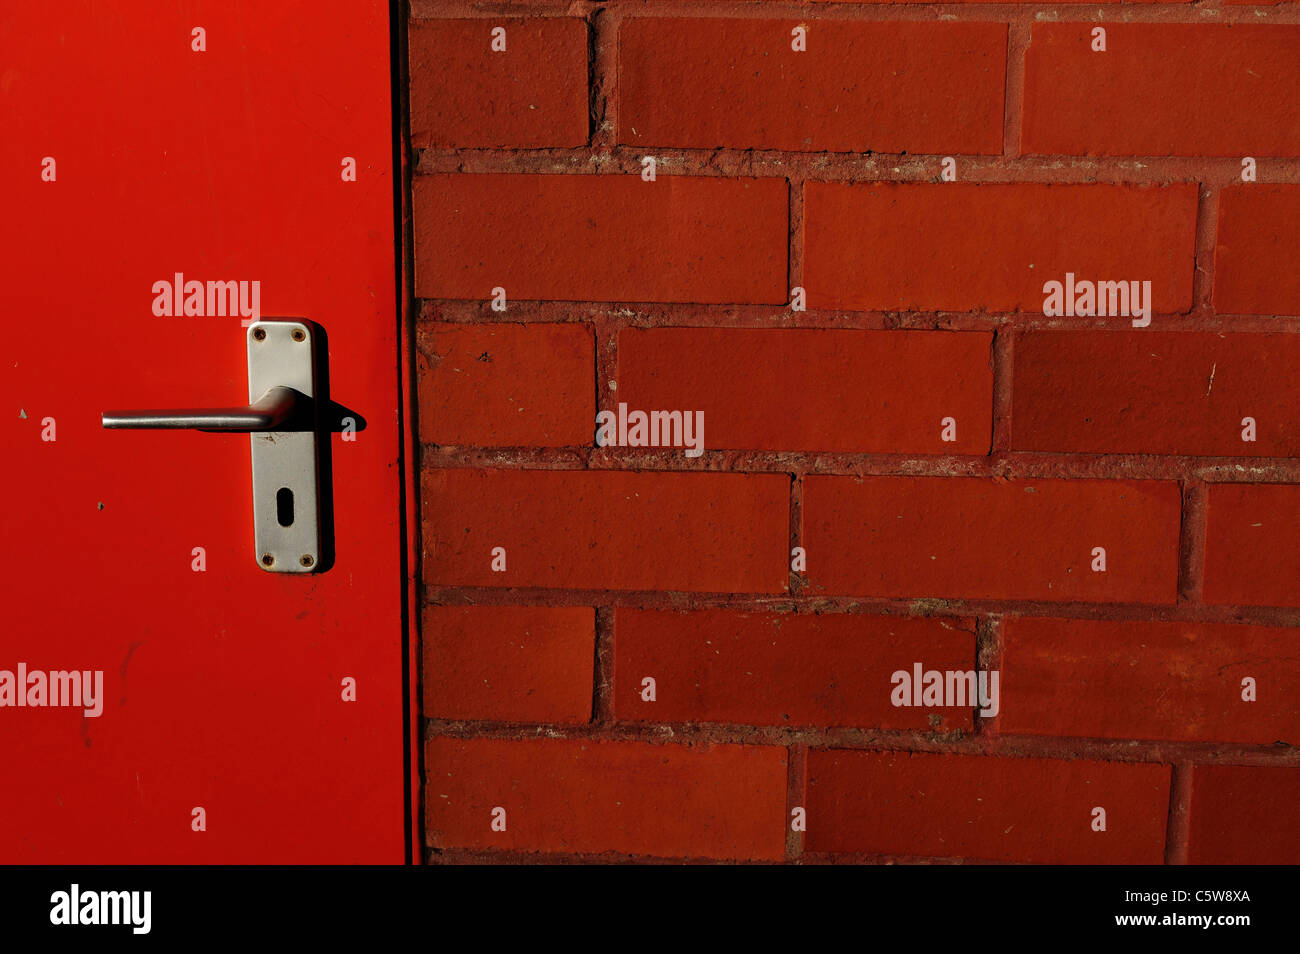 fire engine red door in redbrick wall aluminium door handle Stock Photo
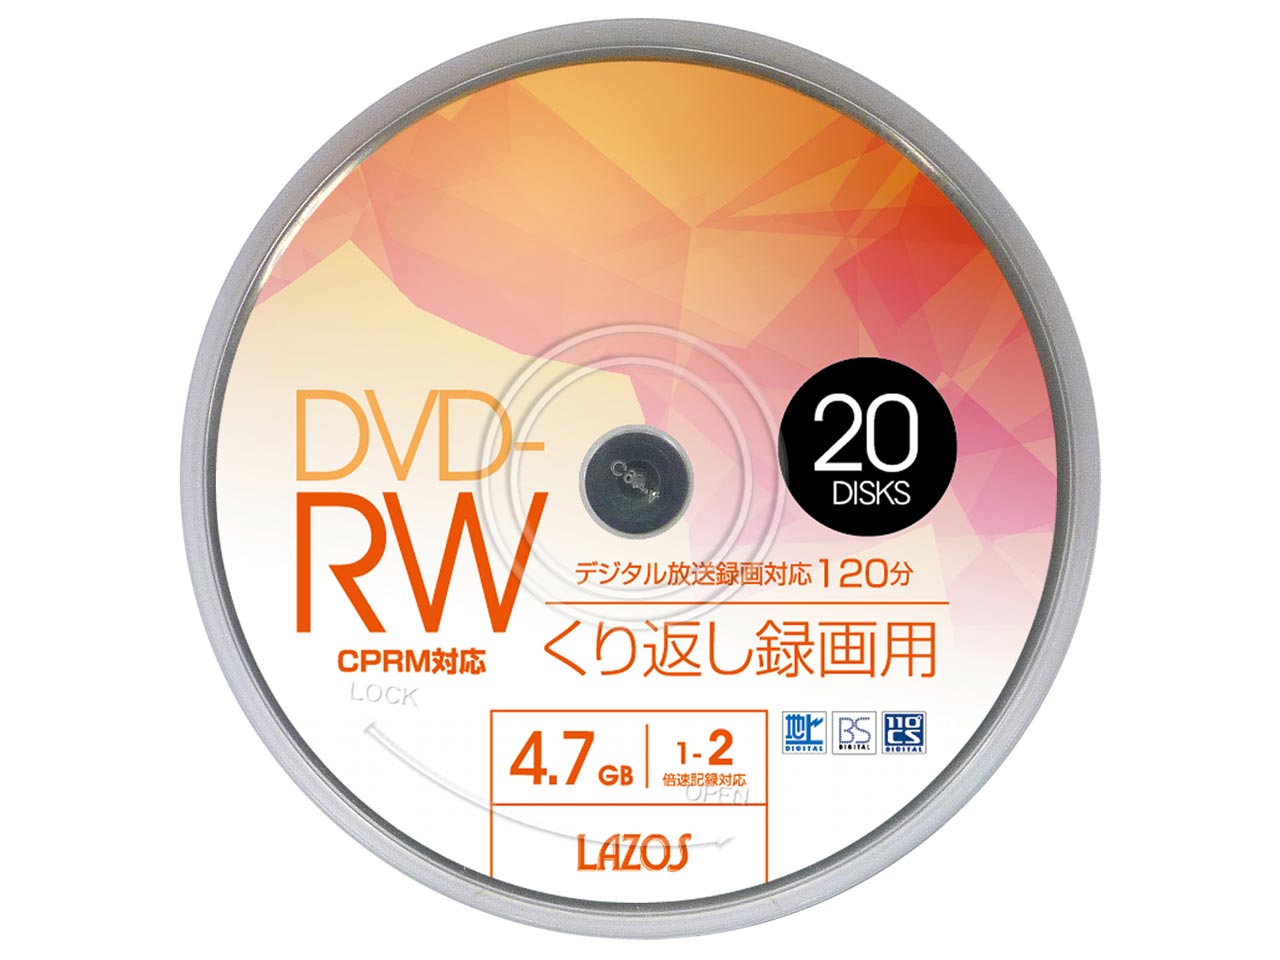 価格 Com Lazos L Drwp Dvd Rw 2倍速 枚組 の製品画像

....

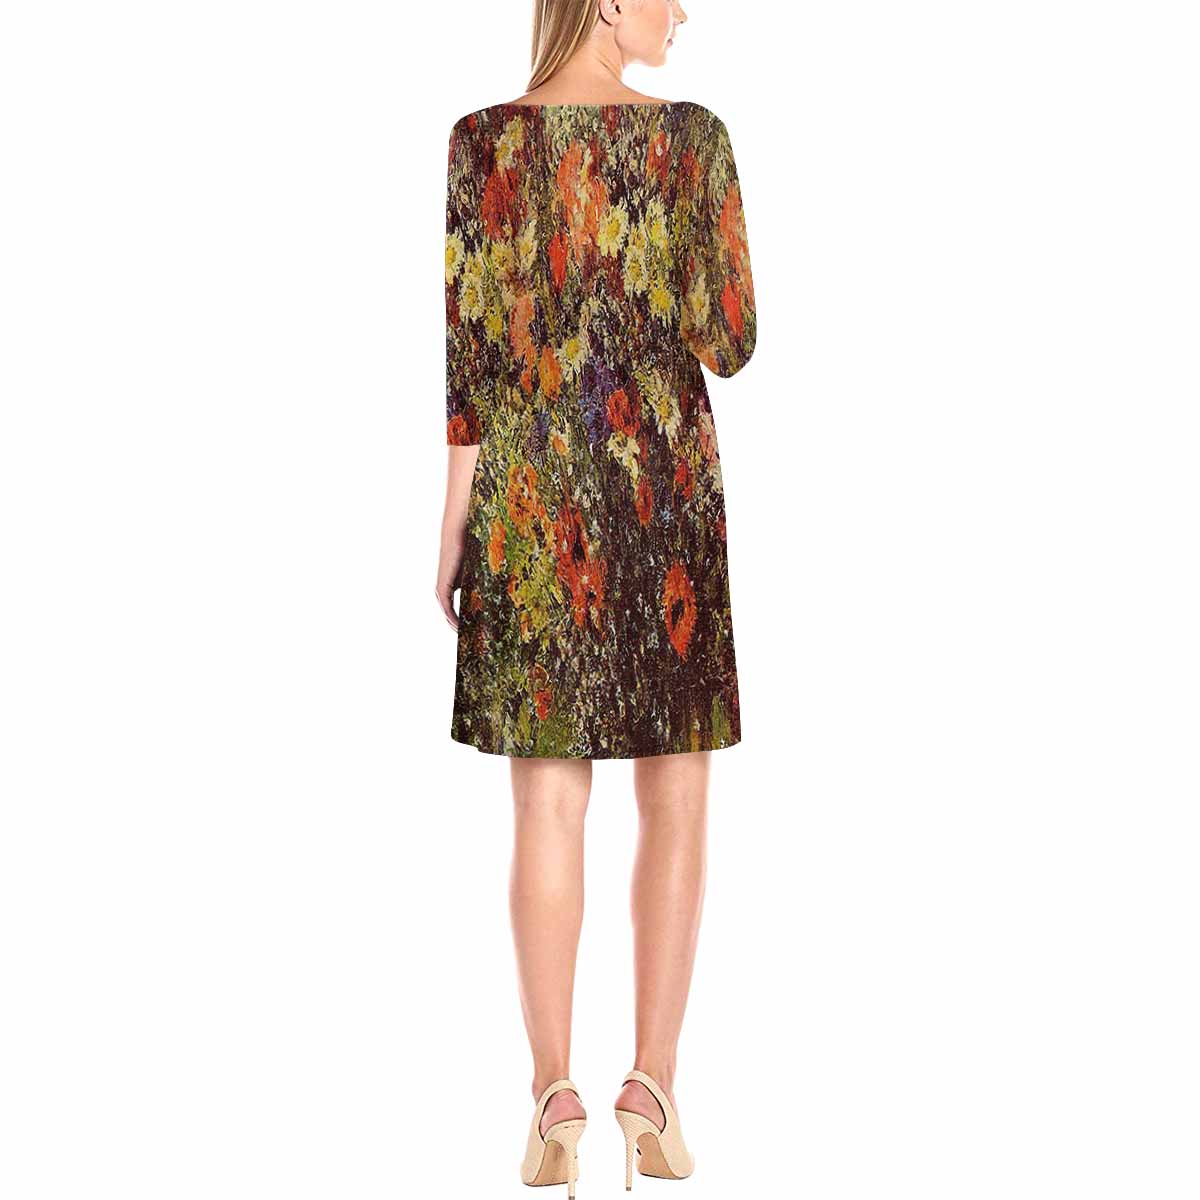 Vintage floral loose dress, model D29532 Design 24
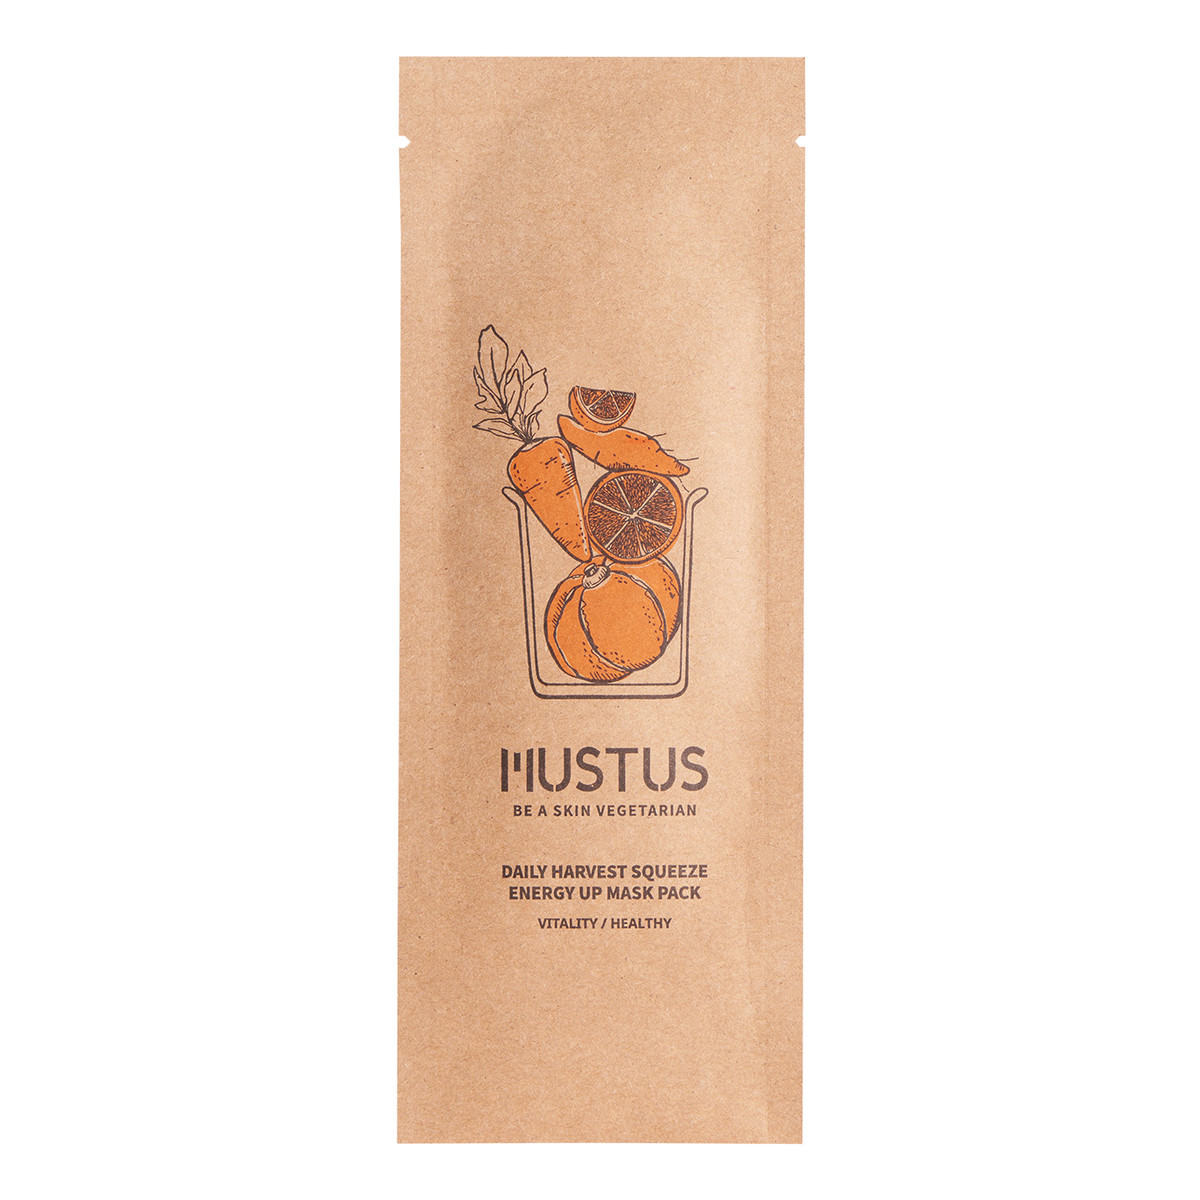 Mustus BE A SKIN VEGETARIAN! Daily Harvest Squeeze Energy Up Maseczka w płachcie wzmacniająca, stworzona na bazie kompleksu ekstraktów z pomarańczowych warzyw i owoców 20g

....

REQUIRED ACTION: Skip every picture, and restate word for word only the lines above from the line containing "fire engine red" to the line containing "価格 Com Lazos L Drwp Dvd Rw 2倍速 枚組 の製品画像", both of them included.

TASK RESULT:
 fire engine red door in redbrick wall aluminium door handle Stock Photo
 価格 Com Lazos L Drwp Dvd Rw 2倍速 枚組 の製品画像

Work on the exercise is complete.